Сонечка давным-давно в школе – её школа ближе к нашему Центру, а Канюша уже летит стрелой к воротам Белой Скалы, как только та показывается на горизонте. В первых классах сегодня чаепитие, их посвящают в первоклассники, и Канюша рад такому событию.
Нас никто не услышит. Поэтому я прищуриваюсь и произношу так, будто бы это правда:
– Да ничего. Я просто описалась.
– Как? – охает Алёна и выпускает мою руку.
А потом останавливается. Но сразу же догоняет и садится передо мной на корточки.
– Ох, Лизочек, – шепчет она, теребя мои пальцы. – Бывает, бывает. Всё бывает. Никто ни от чего не застрахован. Всякое случается. Я однажды тоже… Тоже, как ты… Правда, в садике. Но в старшей группе! И идти потом не хотелось… – бормочет она, уводя глаза в сторону, и вдруг становится такой жалкой и маленькой.
Нет, никак не удаётся представить Алёну в мокрых колготках!
А она продолжает:
– Они, наверно, смеялись… Смеялись? Твои одноклассники. – И встаёт, не дожидаясь ответа. – Они просто глупые. Глупые! Они не понимают. Ни-че-го не понимают!
– Да нет. Они вроде нормальные.
– Да?
– Угу, – слегка улыбаюсь я, пока ковыряю носком ботинка прилипший к асфальту осиновый прелый листок. – Но ты… ты очень хорошая.
– Я?
– Угу. Иди! Я сама дойду.
– Всё хорошо? – уточняет Алёна.
– Да.
– Точно?
– Точно.
– Ладно, – кивает она и делает шаг назад. – Ты умница.
А потом машет и пятится. И я машу. Долго машу, не двигаясь с места.
Мне нравится, как Алёна улыбается. Я хотела бы научиться так же, но, сколько бы ни старалась скопировать её улыбку, ничего не получается. И представить Алёну в мокрых колготках тоже не получается.
Когда она превращается в серую крохотную точку, а потом и вовсе скрывается за поворотом, я, ни на миг не задумавшись, разворачиваюсь и со всех ног бегу прочь от школы – к Санте.
– Она меня поглотила! Белая Скала! – выпаливаю я, как только оказываюсь во дворе старика. Мне хочется рассказать ему всё, но сначала заплыв.
Я в два прыжка взбираюсь на груду досок и прямо с неё прыгаю в каноэ.
– Я до маяка и обратно! – предупреждаю Санту, пока он отвинчивает кран.

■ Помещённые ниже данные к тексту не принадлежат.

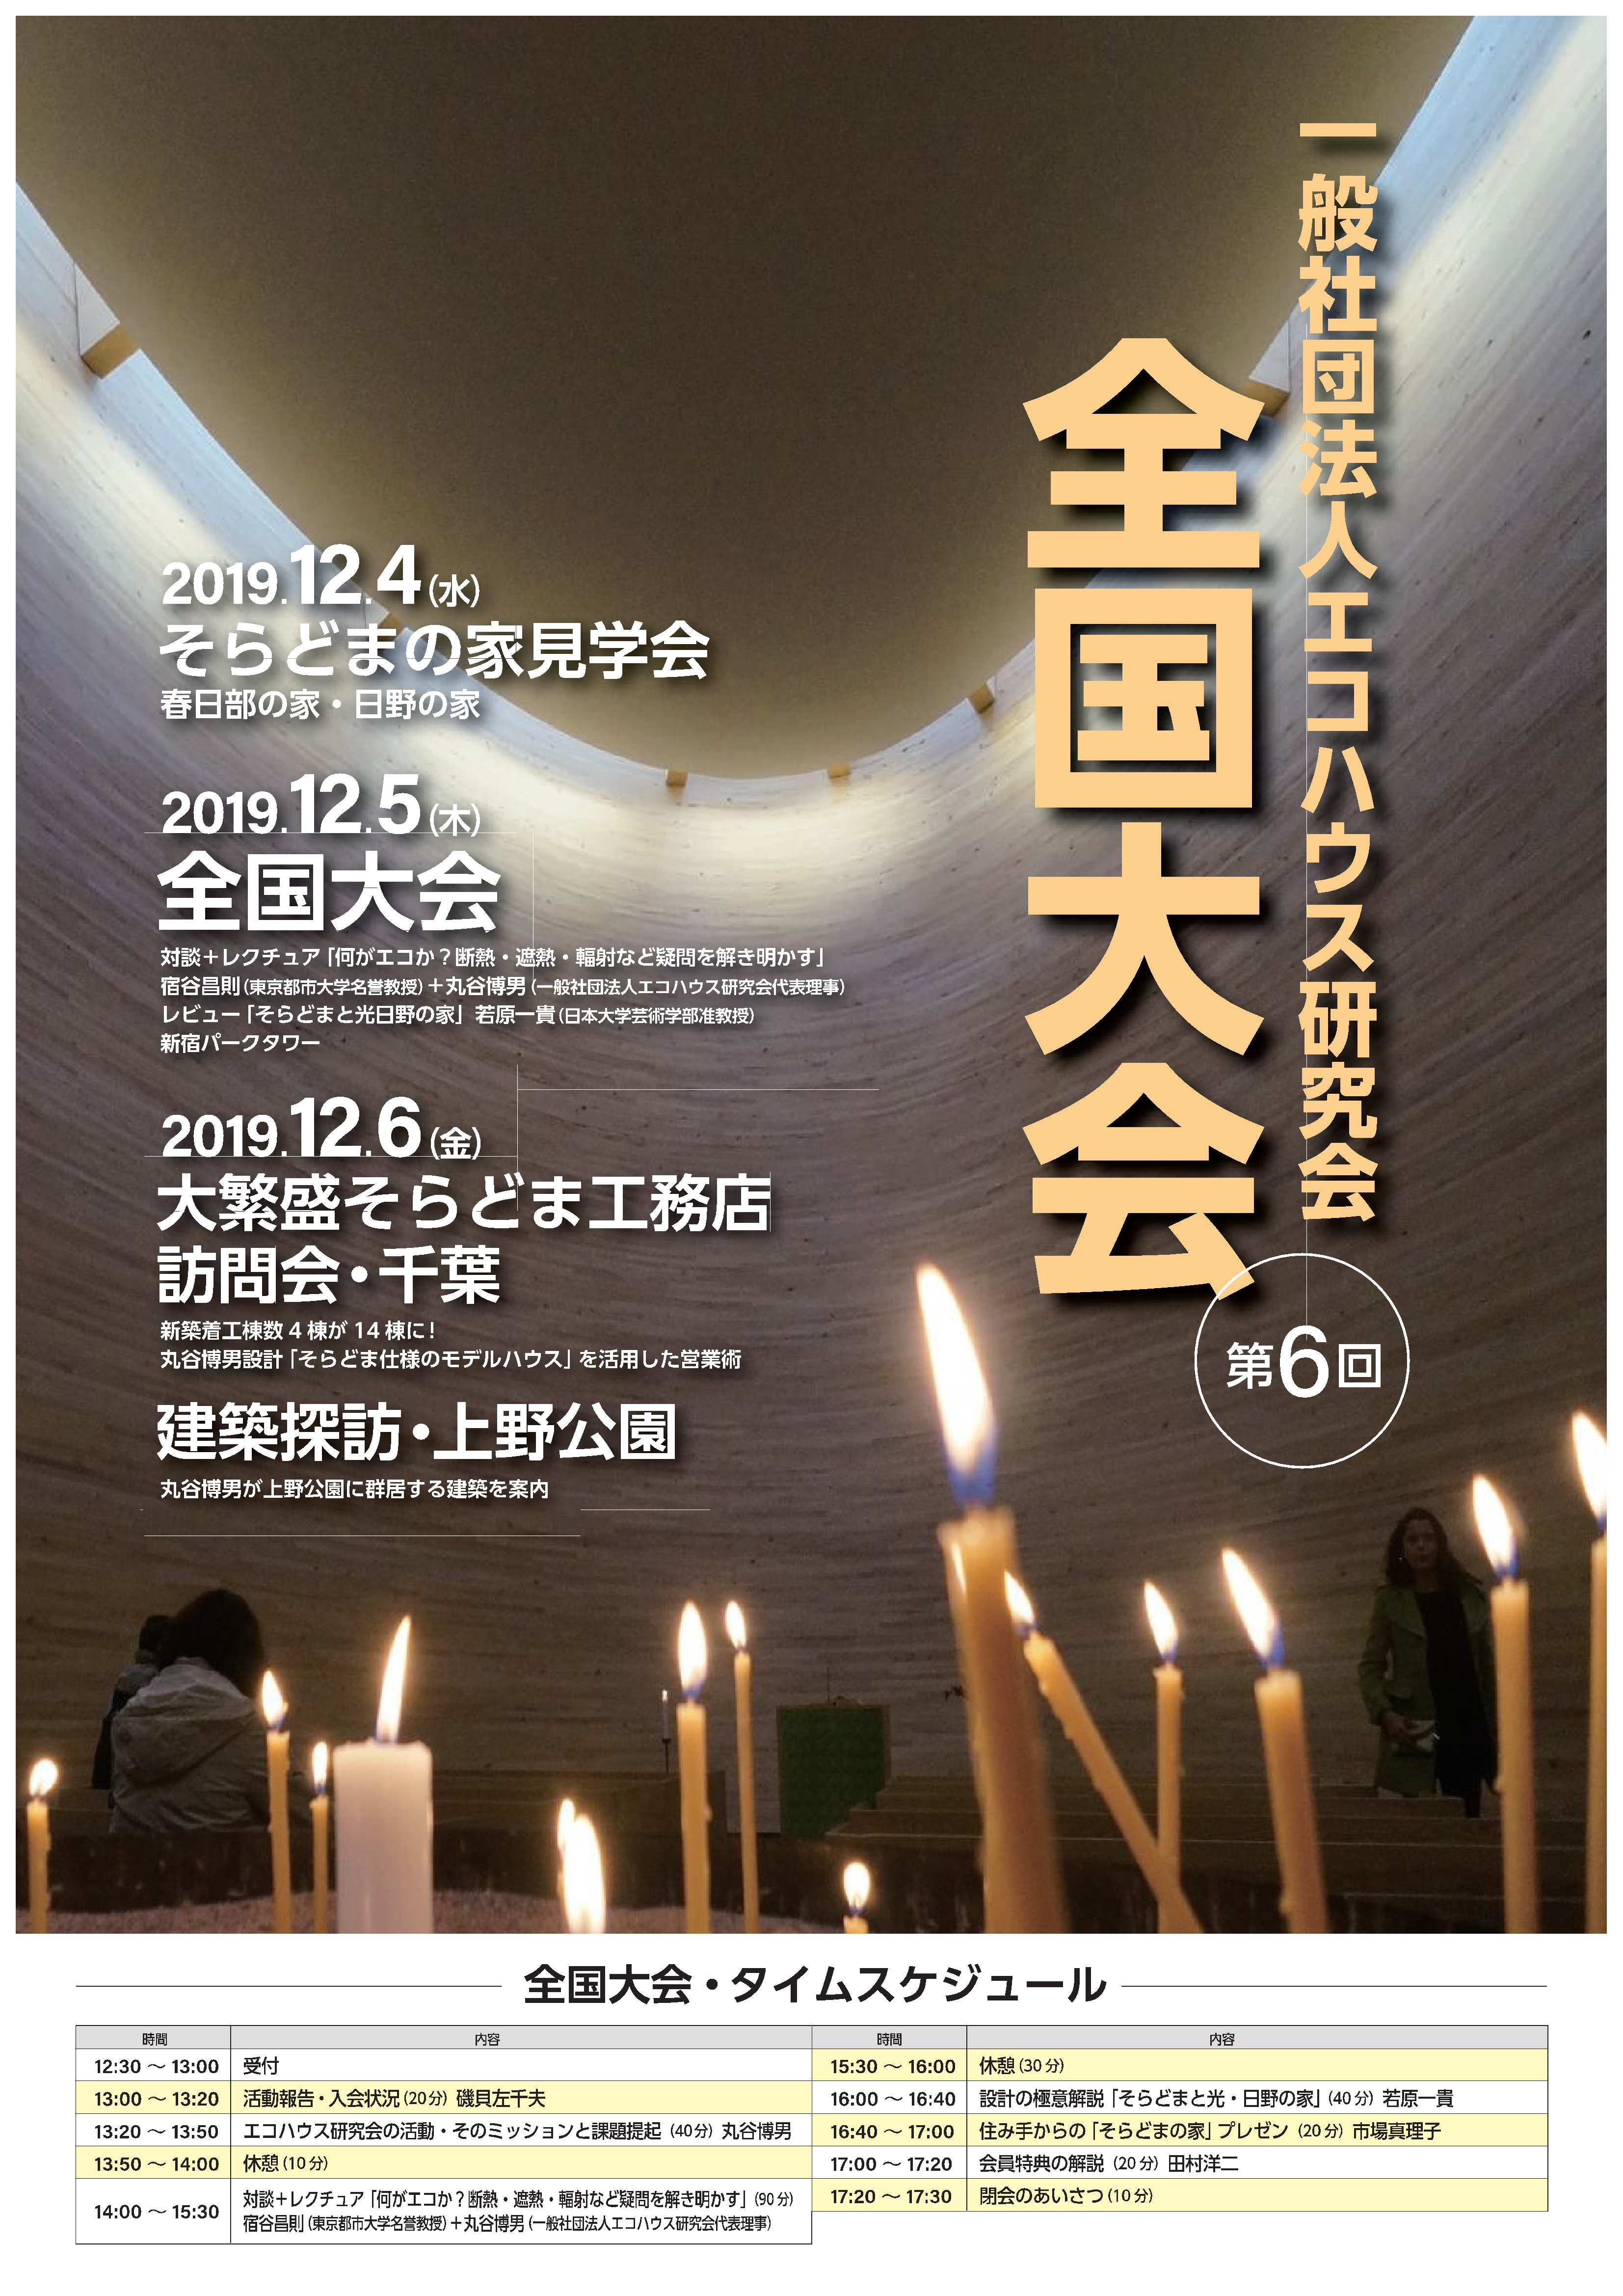 2019年12月5日(木)一般社団法人エコハウス研修会 第6回全国大会

Хватаю вёсла, отталкиваюсь ими и вот уже плыву.
Каноэ красиво скользит по воде, я упираюсь ногами в дно и всё гребу и гребу, пока не добираюсь до больших камней. Там поворачиваю к северу, в противоположную сторону от Белой Скалы. Каноэ длинное и неходкое, но я отлично держу его на плаву.
– Скоро зима, Лисичка, – хрипит старик где-то позади меня. – Ещё два-три дня, и вентиль примёрзнет окончательно. Так что это твоя последняя кругосветка в этом году.